• _YOUR INSTRUCTIONS_
Restate word for word the lines of the entries below, starting with the line that holds "EMKE Schminkspiegel LED" and ending with the line that holds "Shy'm : photos", and no others.

• _DATA RECORDS_
○ ○ ○ ○ ○

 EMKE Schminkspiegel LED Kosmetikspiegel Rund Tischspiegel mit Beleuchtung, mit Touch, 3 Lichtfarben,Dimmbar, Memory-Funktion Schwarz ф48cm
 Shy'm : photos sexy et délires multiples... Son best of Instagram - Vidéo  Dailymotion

○ ○ ○ ○ ○

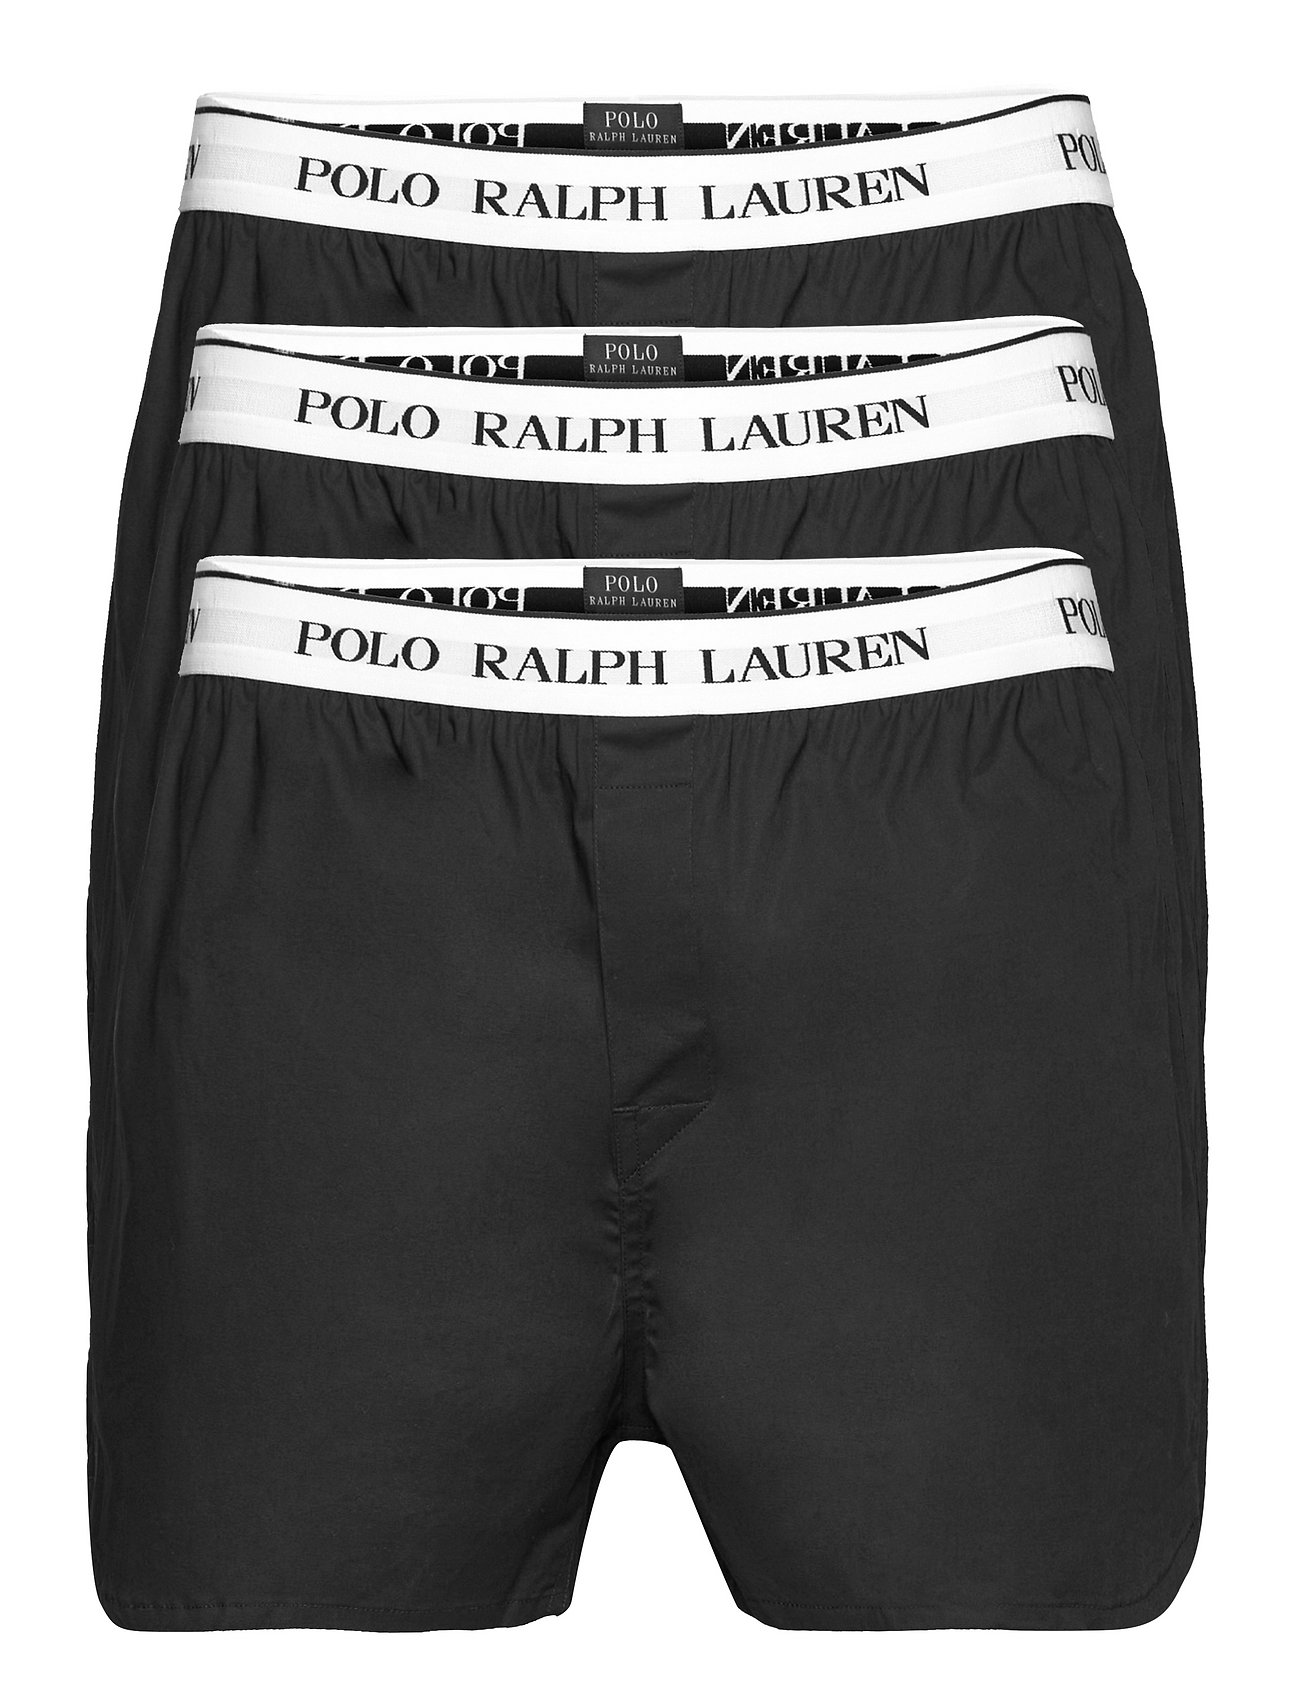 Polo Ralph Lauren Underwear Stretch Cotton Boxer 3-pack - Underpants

○ ○ ○ ○ ○

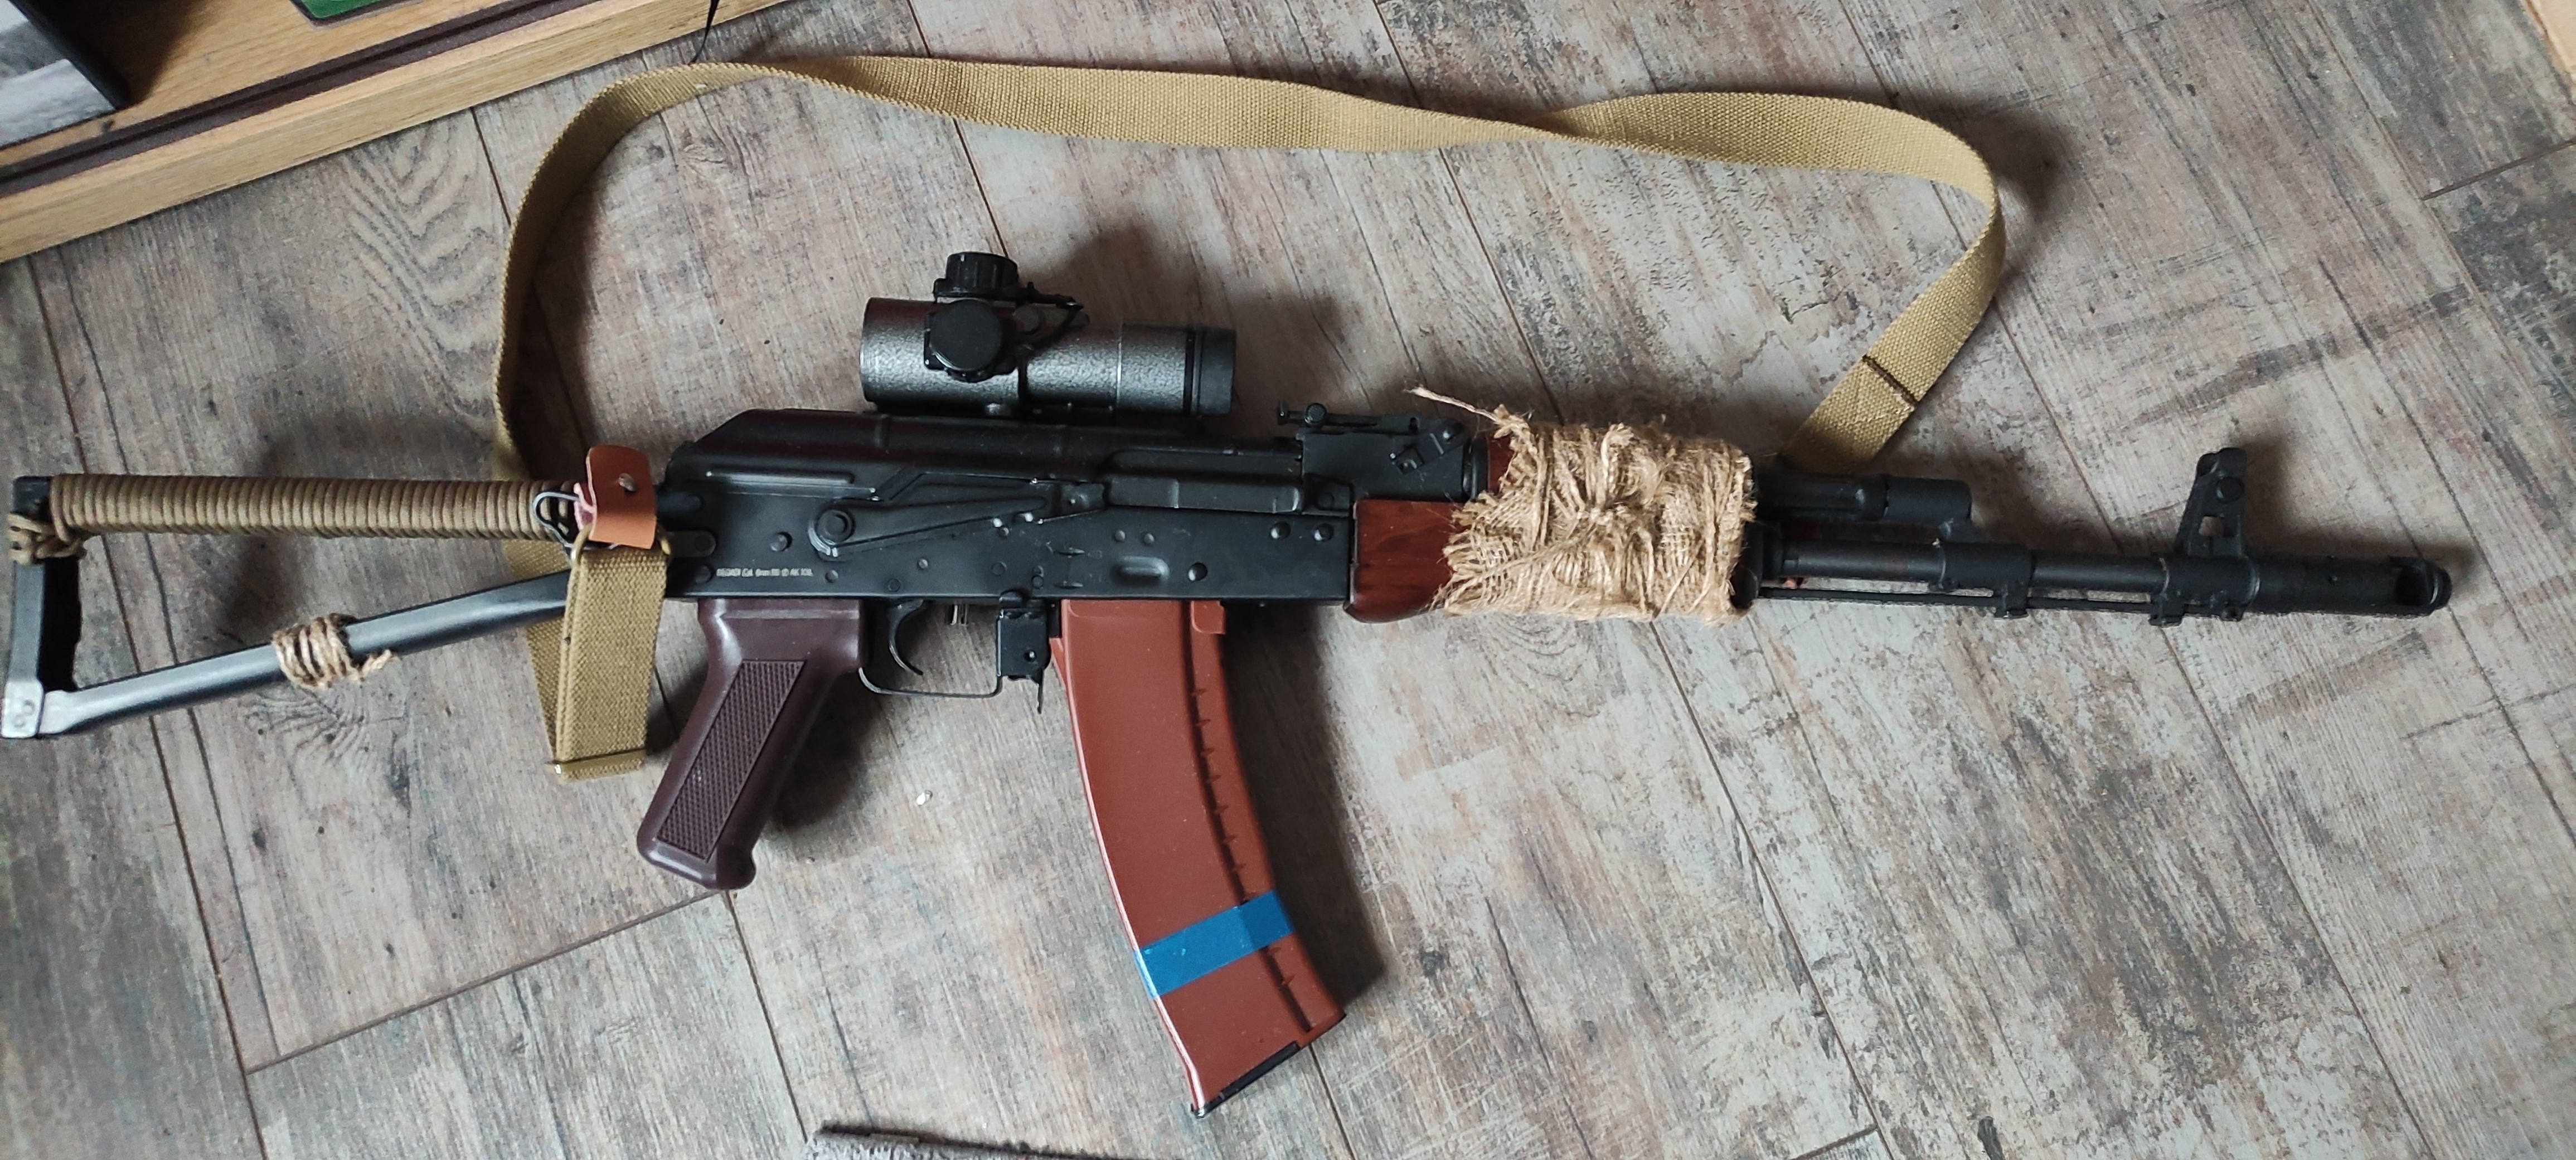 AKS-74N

○ ○ ○ ○ ○

• _EXERCISE OUTPUT_
 EMKE Schminkspiegel LED Kosmetikspiegel Rund Tischspiegel mit Beleuchtung, mit Touch, 3 Lichtfarben,Dimmbar, Memory-Funktion Schwarz ф48cm
 Shy'm : photos sexy et délires multiples... Son best of Instagram - Vidéo  Dailymotion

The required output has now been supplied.